### GOAL OF THE EXERCISE:
Pictures aside, return every line below exactly as written.

### INFORMATION PROVIDED:

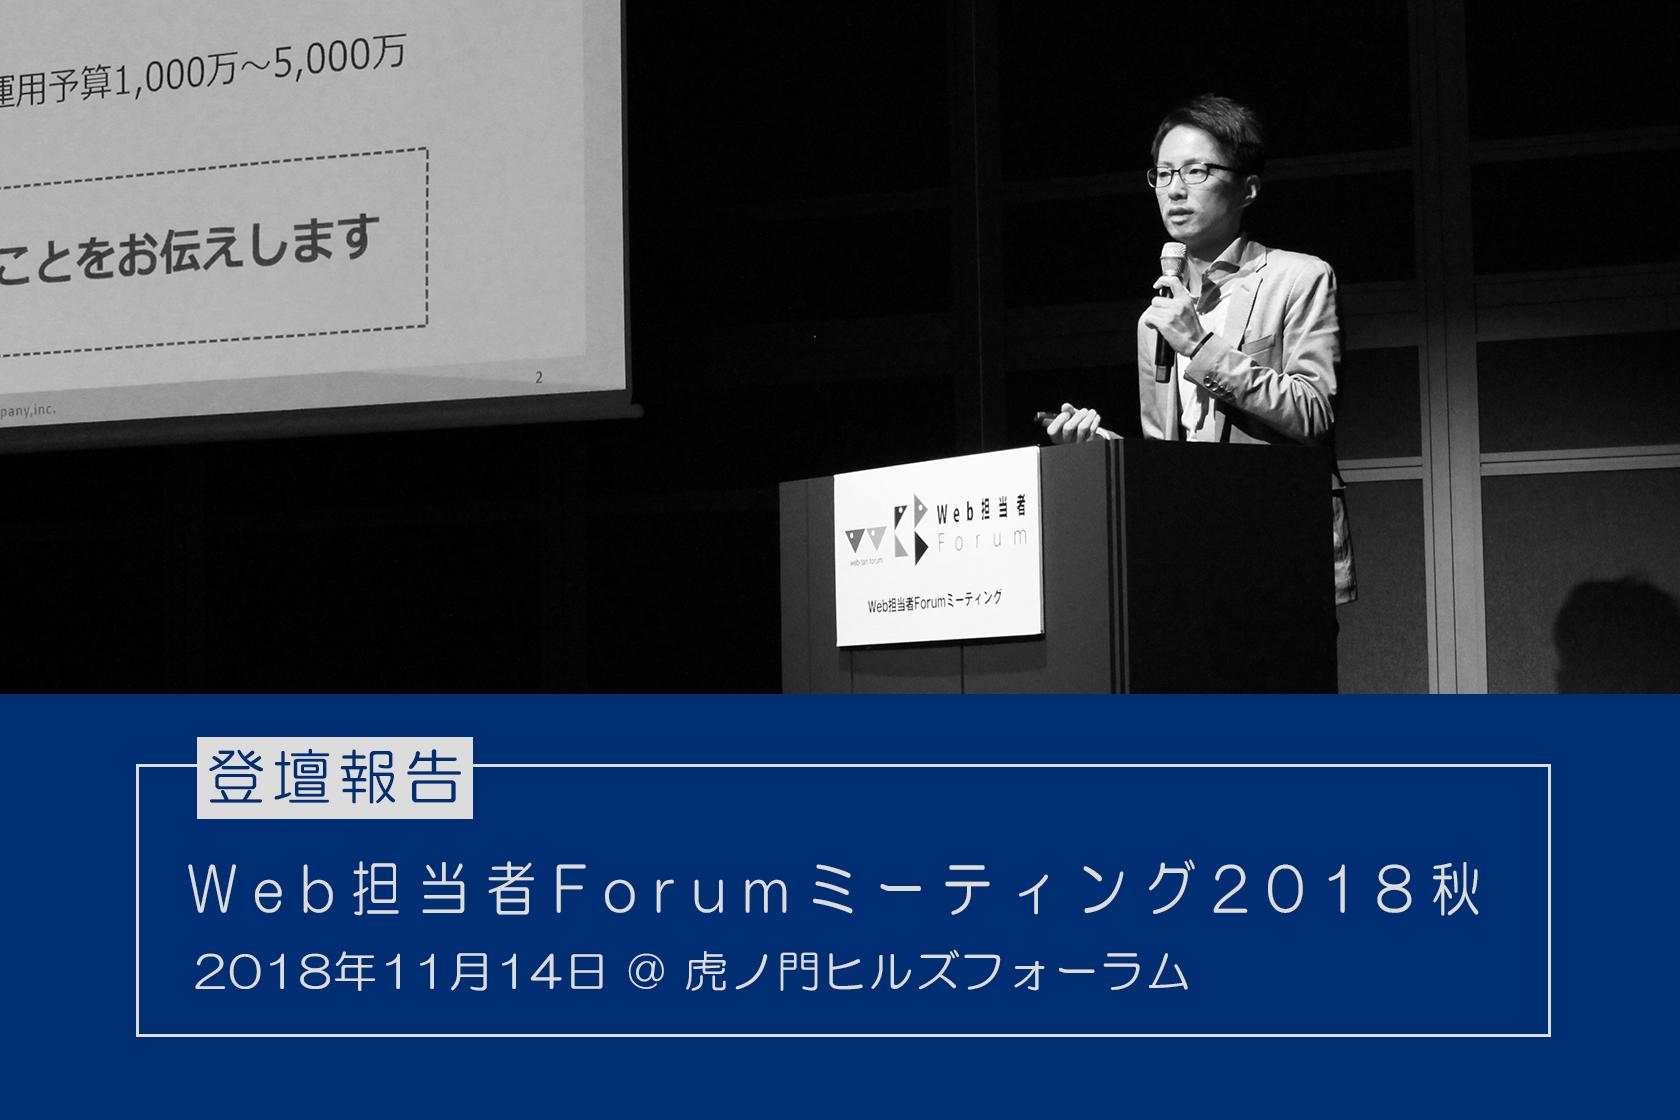 『Web担当者Forum ミーティング 2018 秋』に登壇しました
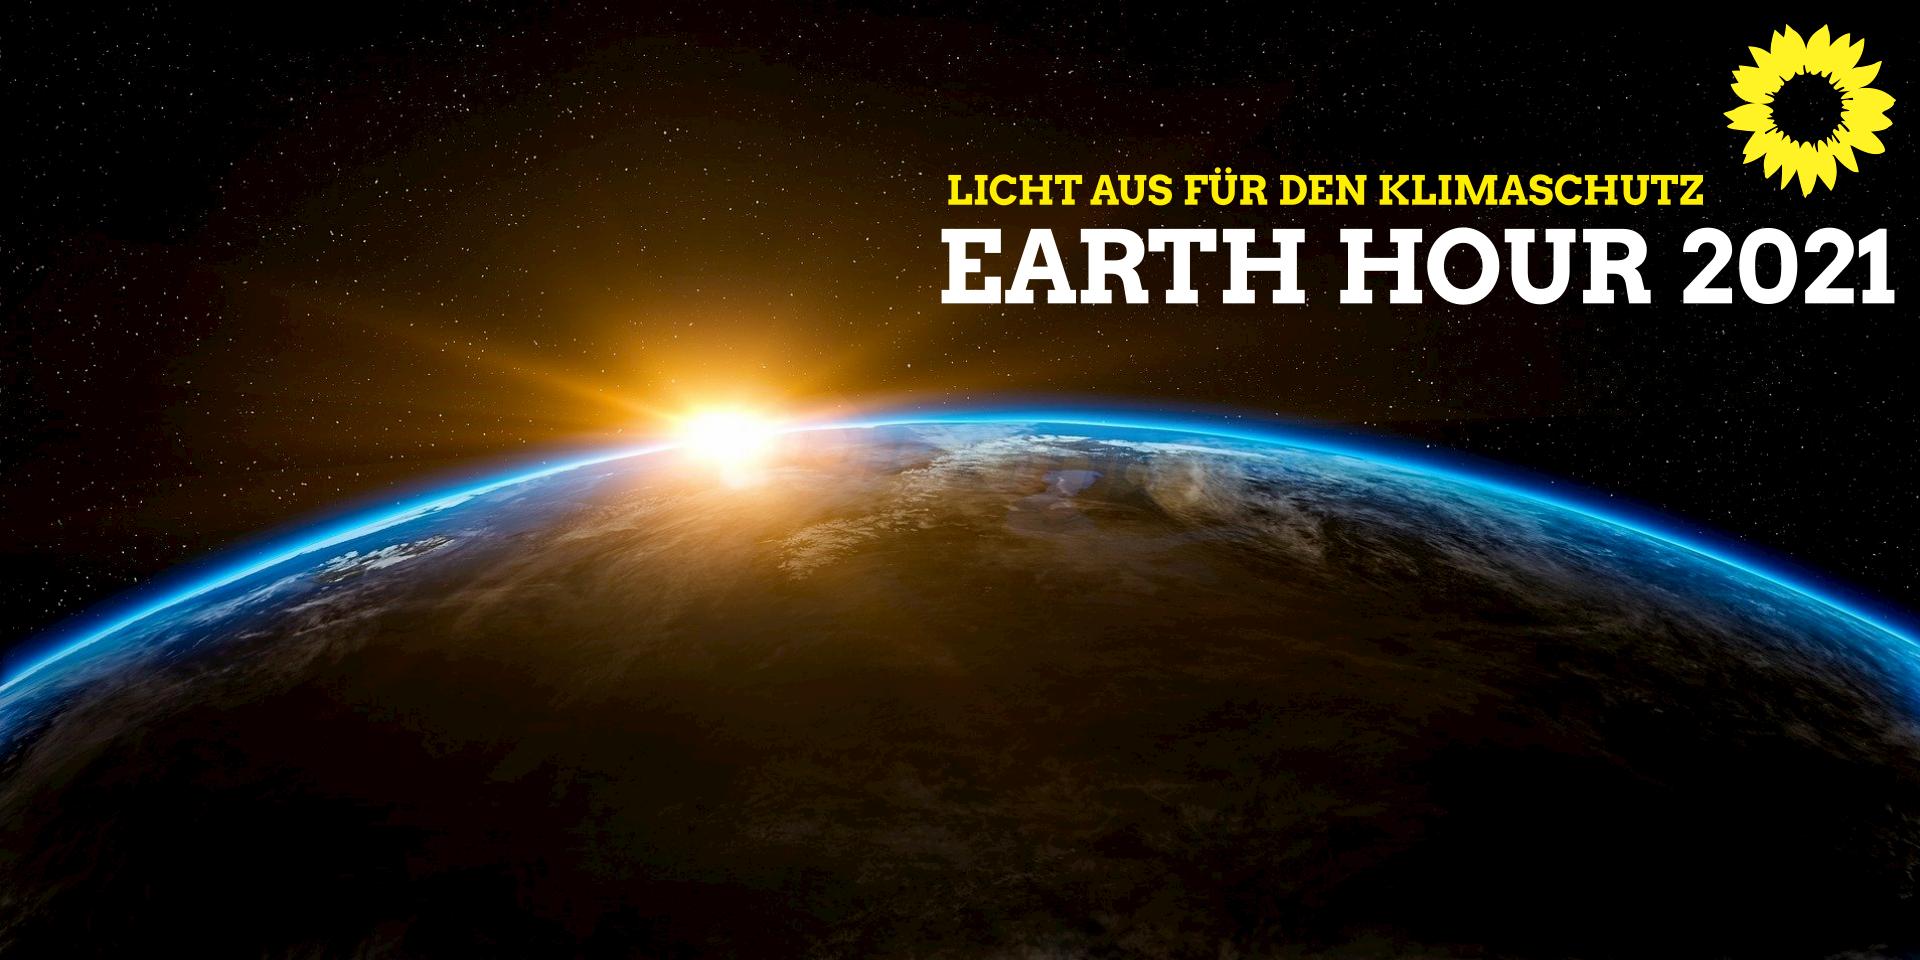 EARTH HOUR 2021 – Licht aus für den Klimaschutz
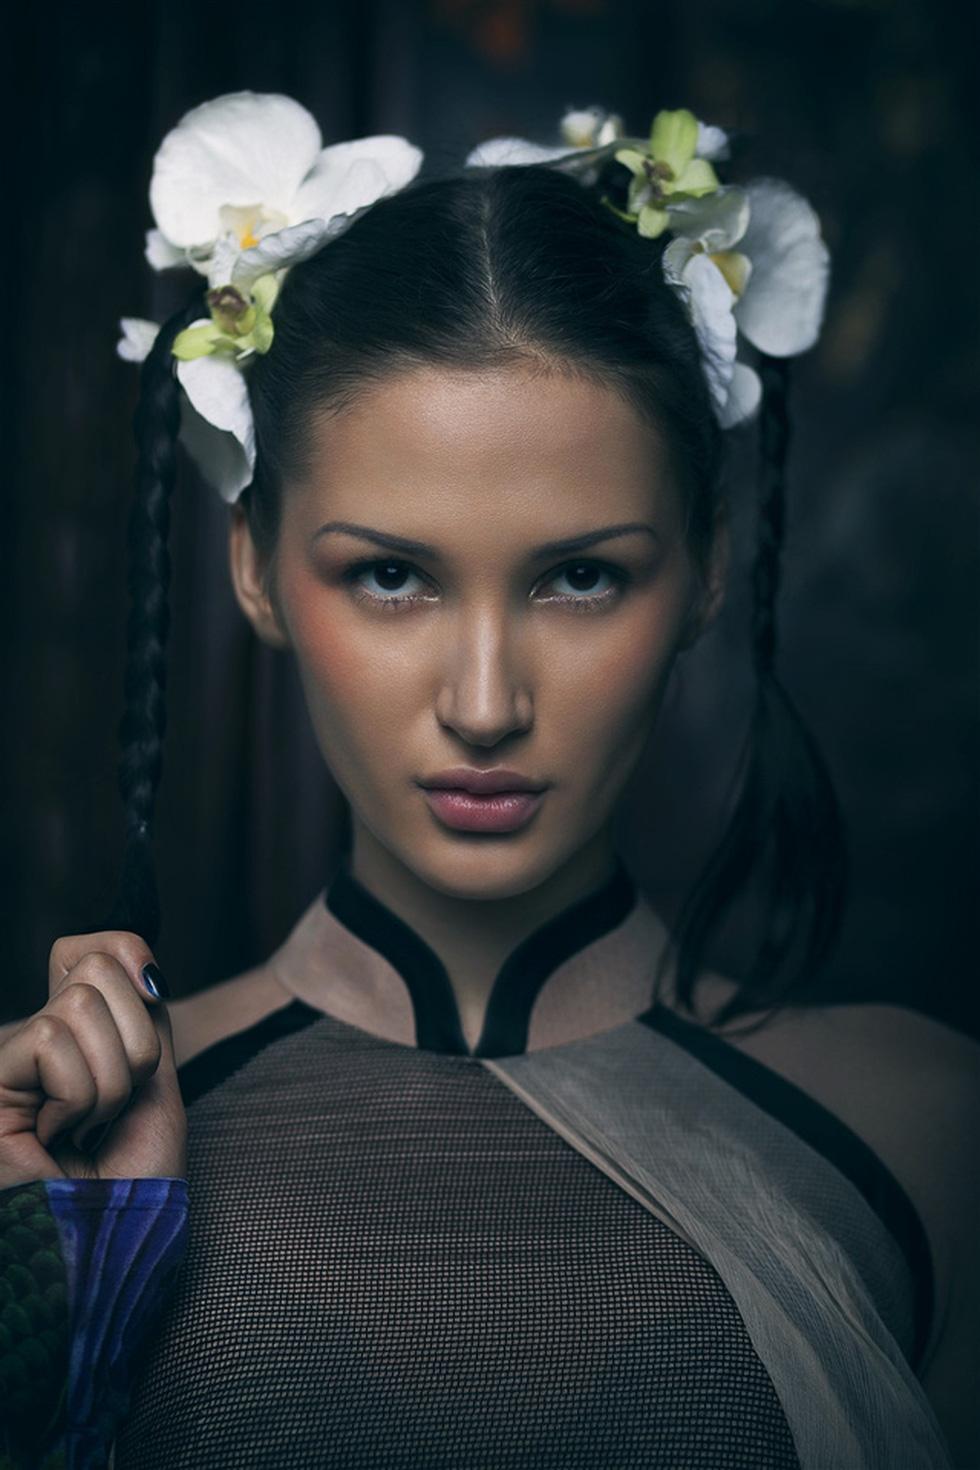 Nhà thiết kế Nguyễn Công Trí: Tôi tìm thấy bình an trong  chính mình - Ảnh 5.
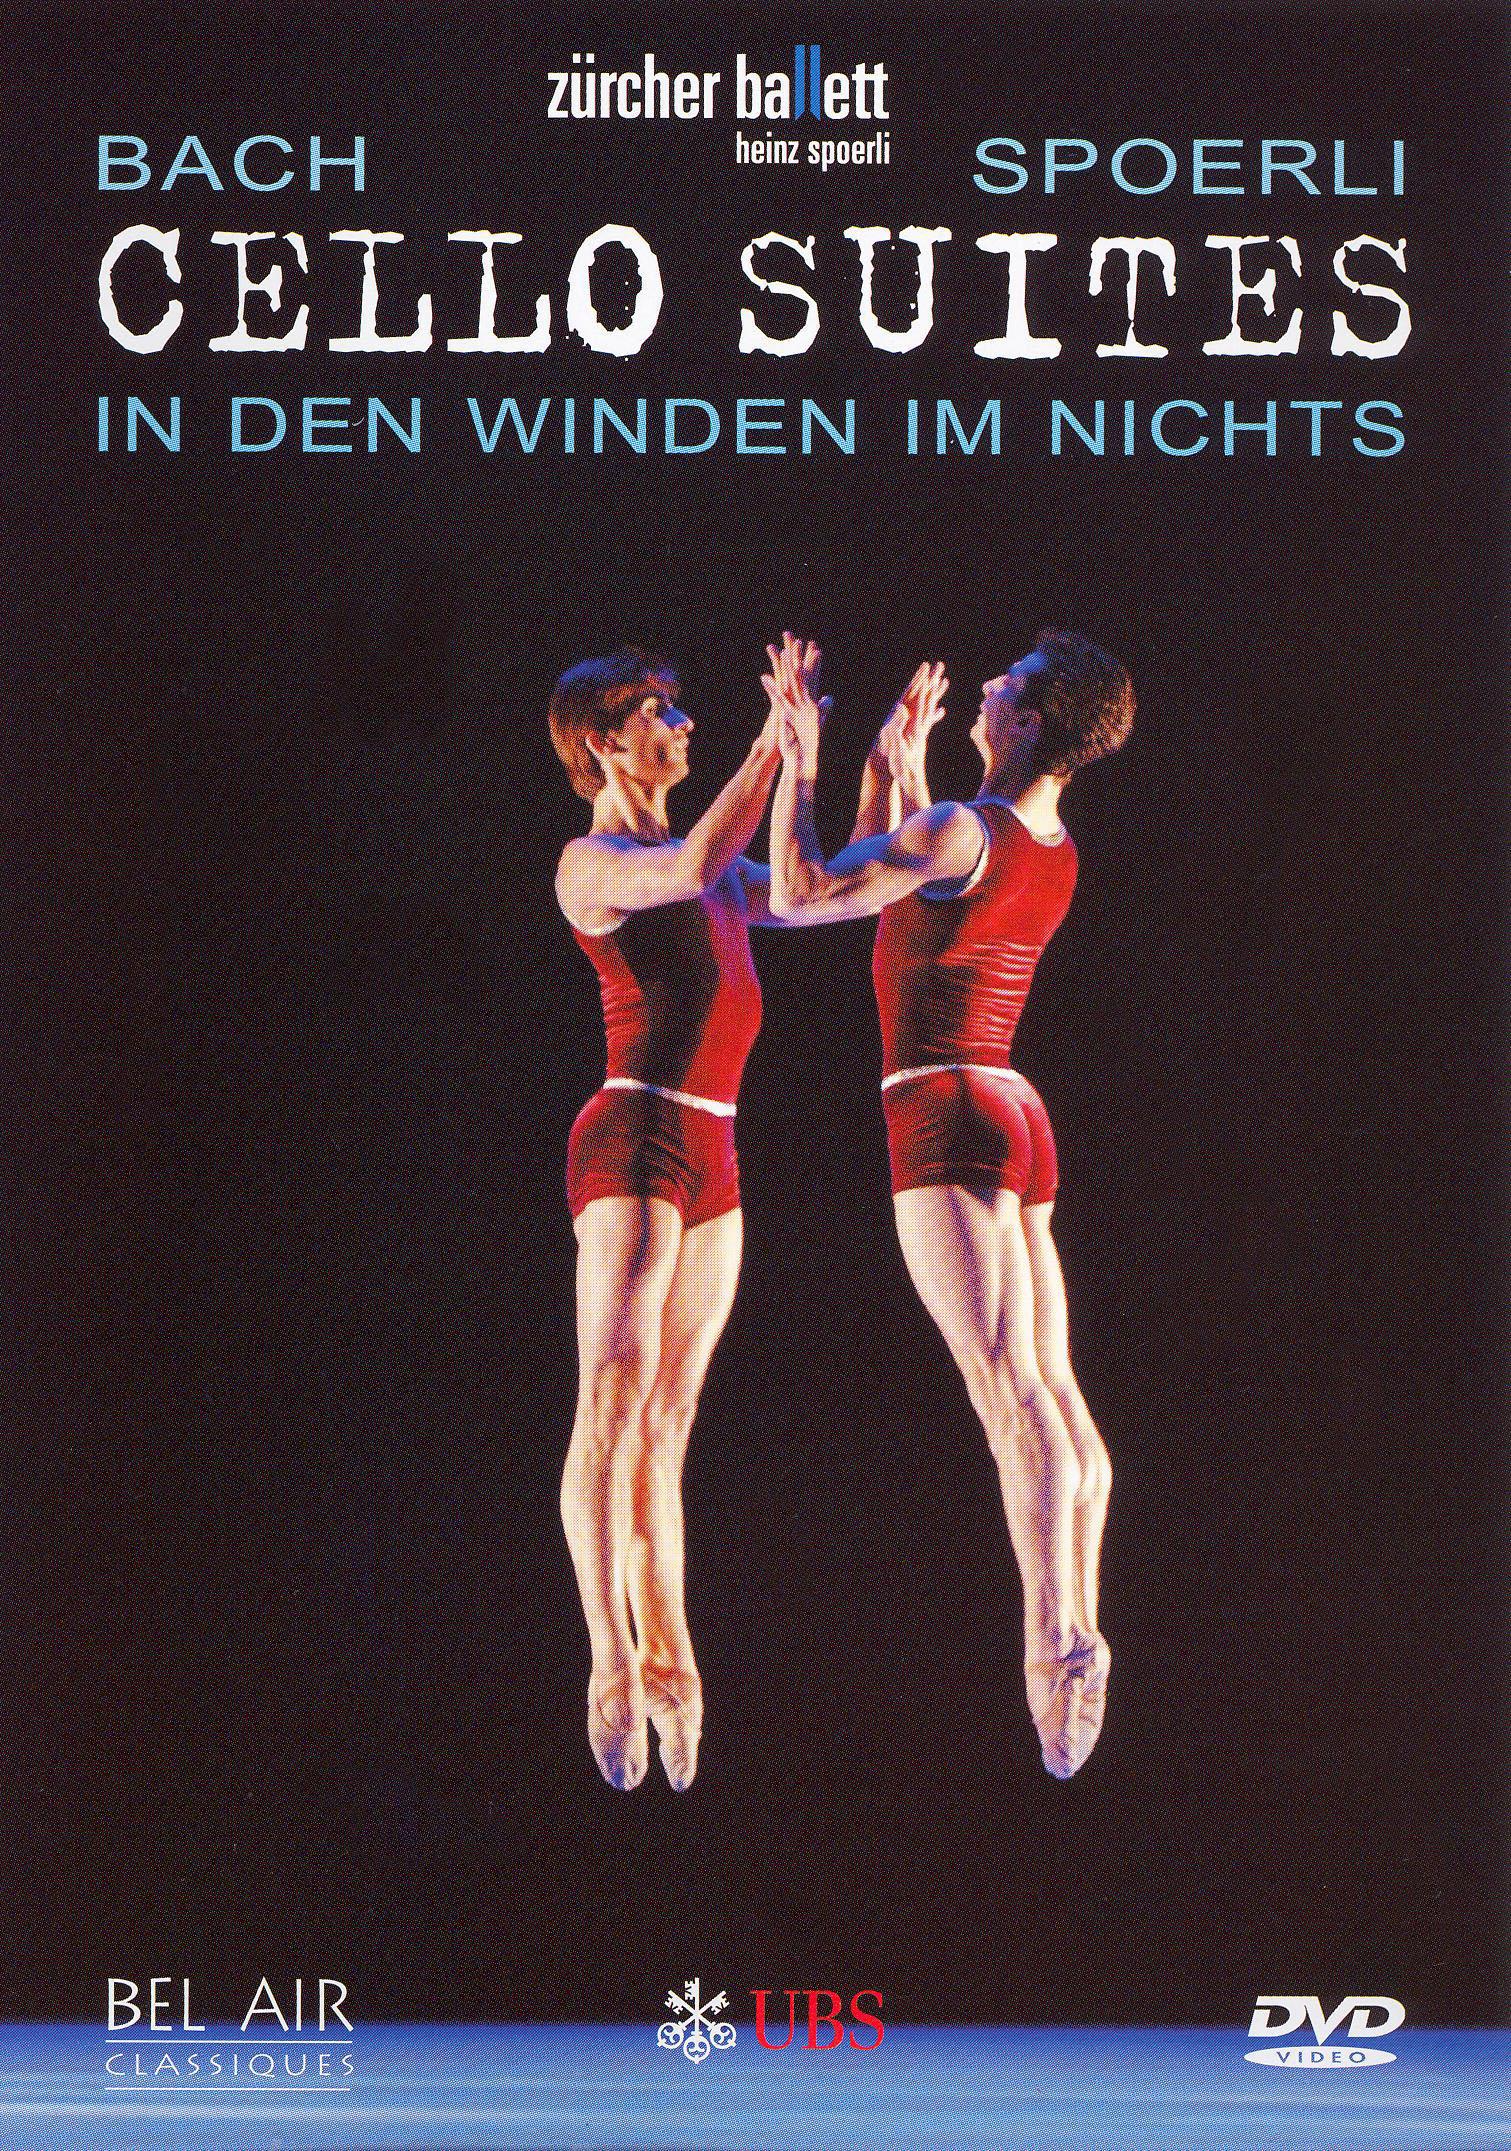 Zucher Ballett: Cello Suites - In Den Winden Im Nichts

### REPLY TO THE EXERCISE:
 『Web担当者Forum ミーティング 2018 秋』に登壇しました
 EARTH HOUR 2021 – Licht aus für den Klimaschutz
 Nhà thiết kế Nguyễn Công Trí: Tôi tìm thấy bình an trong  chính mình - Ảnh 5.
 Zucher Ballett: Cello Suites - In Den Winden Im Nichts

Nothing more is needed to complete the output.